== About this task ==
Please return only the lines from the one with "riyogems 1 шт., белый" through the final line of the data, unchanged, with pictures omitted.

== Dataset extract ==
== == ==
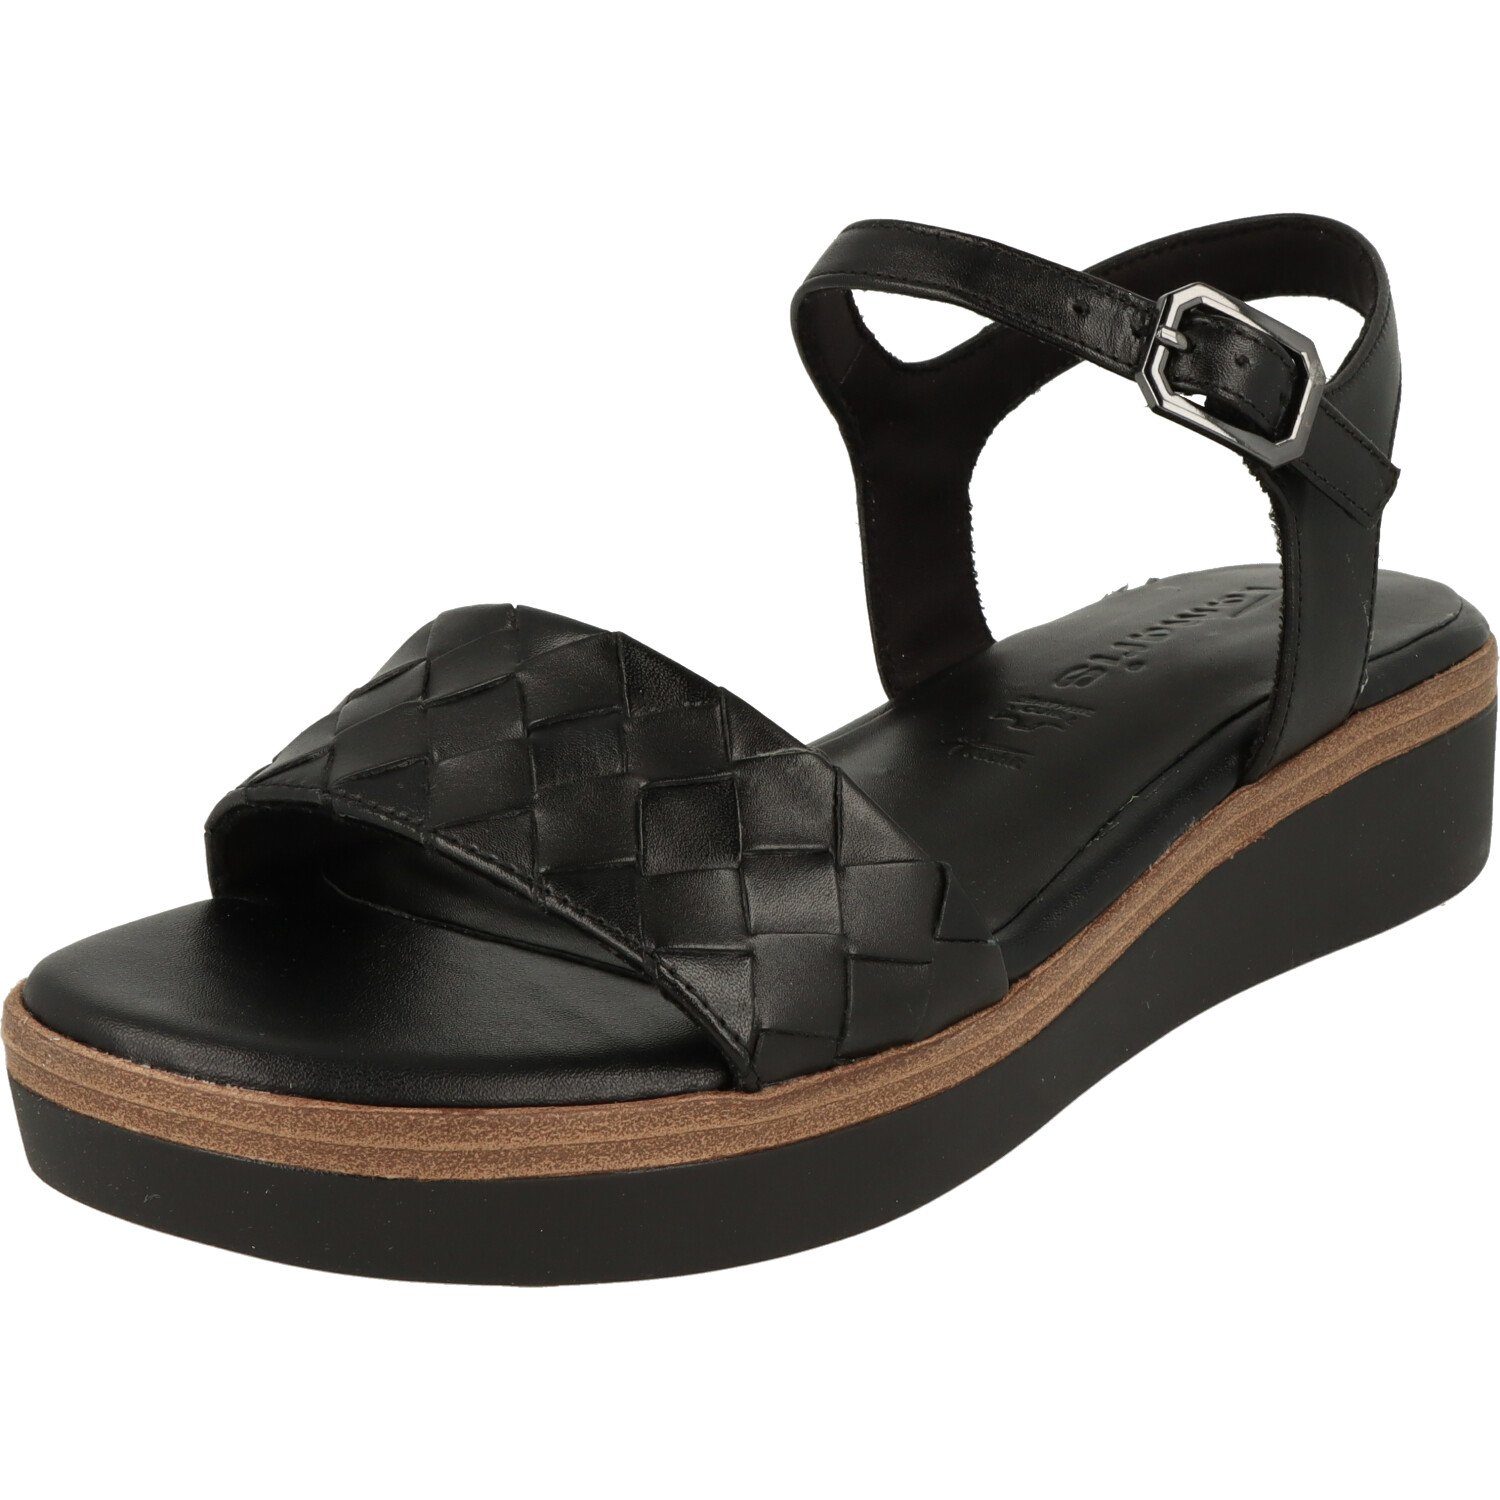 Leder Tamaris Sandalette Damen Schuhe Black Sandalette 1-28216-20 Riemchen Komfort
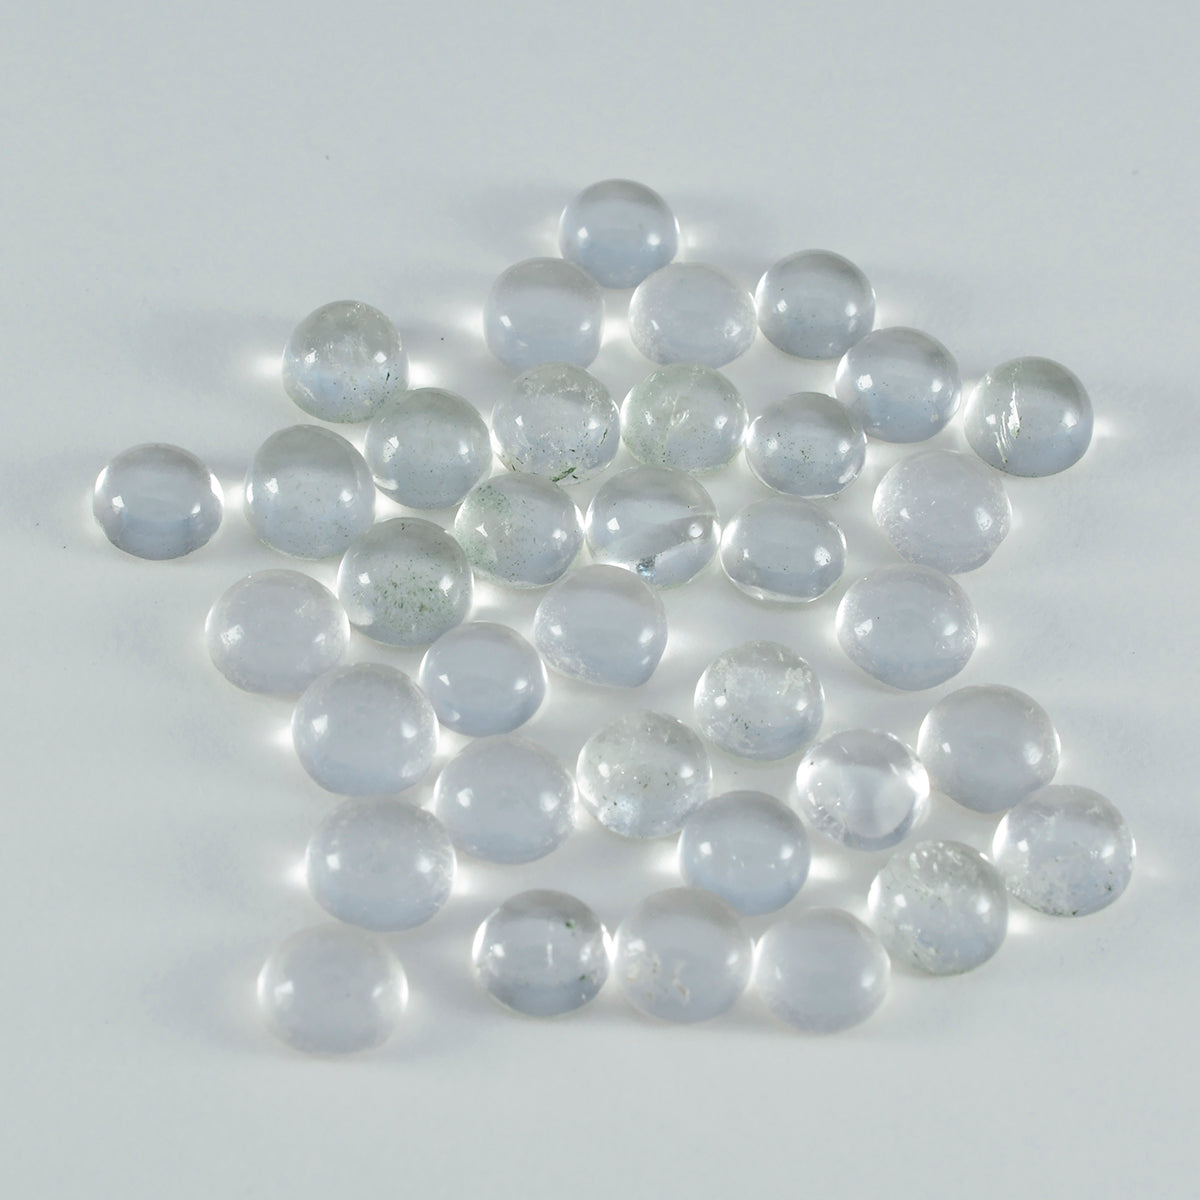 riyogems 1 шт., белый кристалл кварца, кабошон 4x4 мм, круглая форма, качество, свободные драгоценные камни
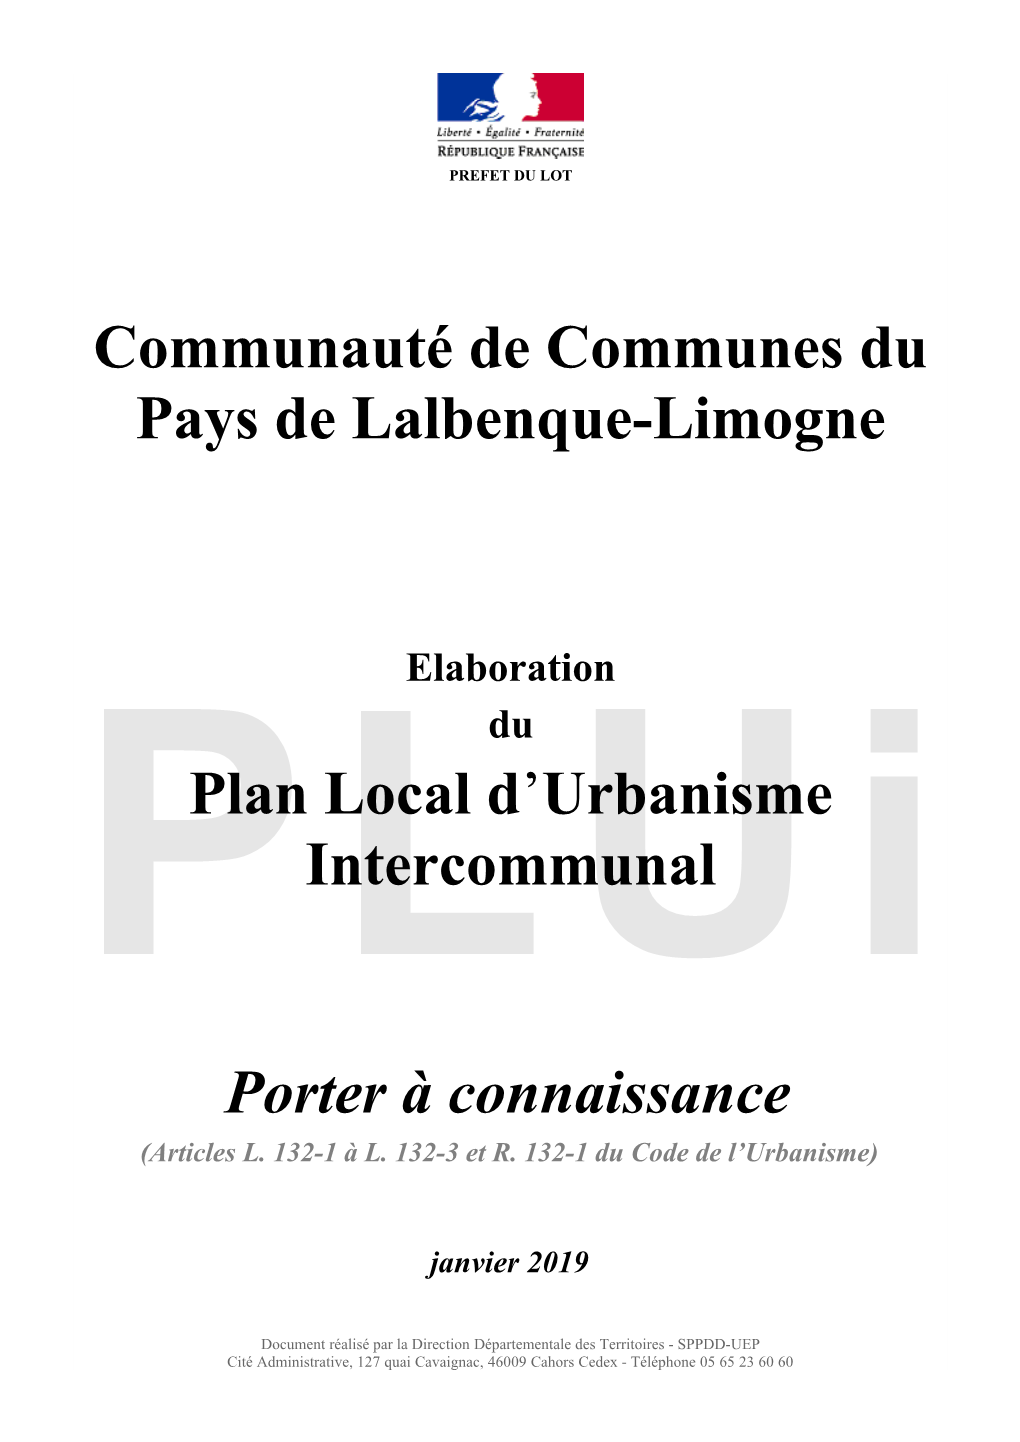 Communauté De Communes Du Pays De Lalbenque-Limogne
== == ==
== Output of the exercise ==
 riyogems 1 шт., белый кристалл кварца, кабошон 4x4 мм, круглая форма, качество, свободные драгоценные камни
 Communauté De Communes Du Pays De Lalbenque-Limogne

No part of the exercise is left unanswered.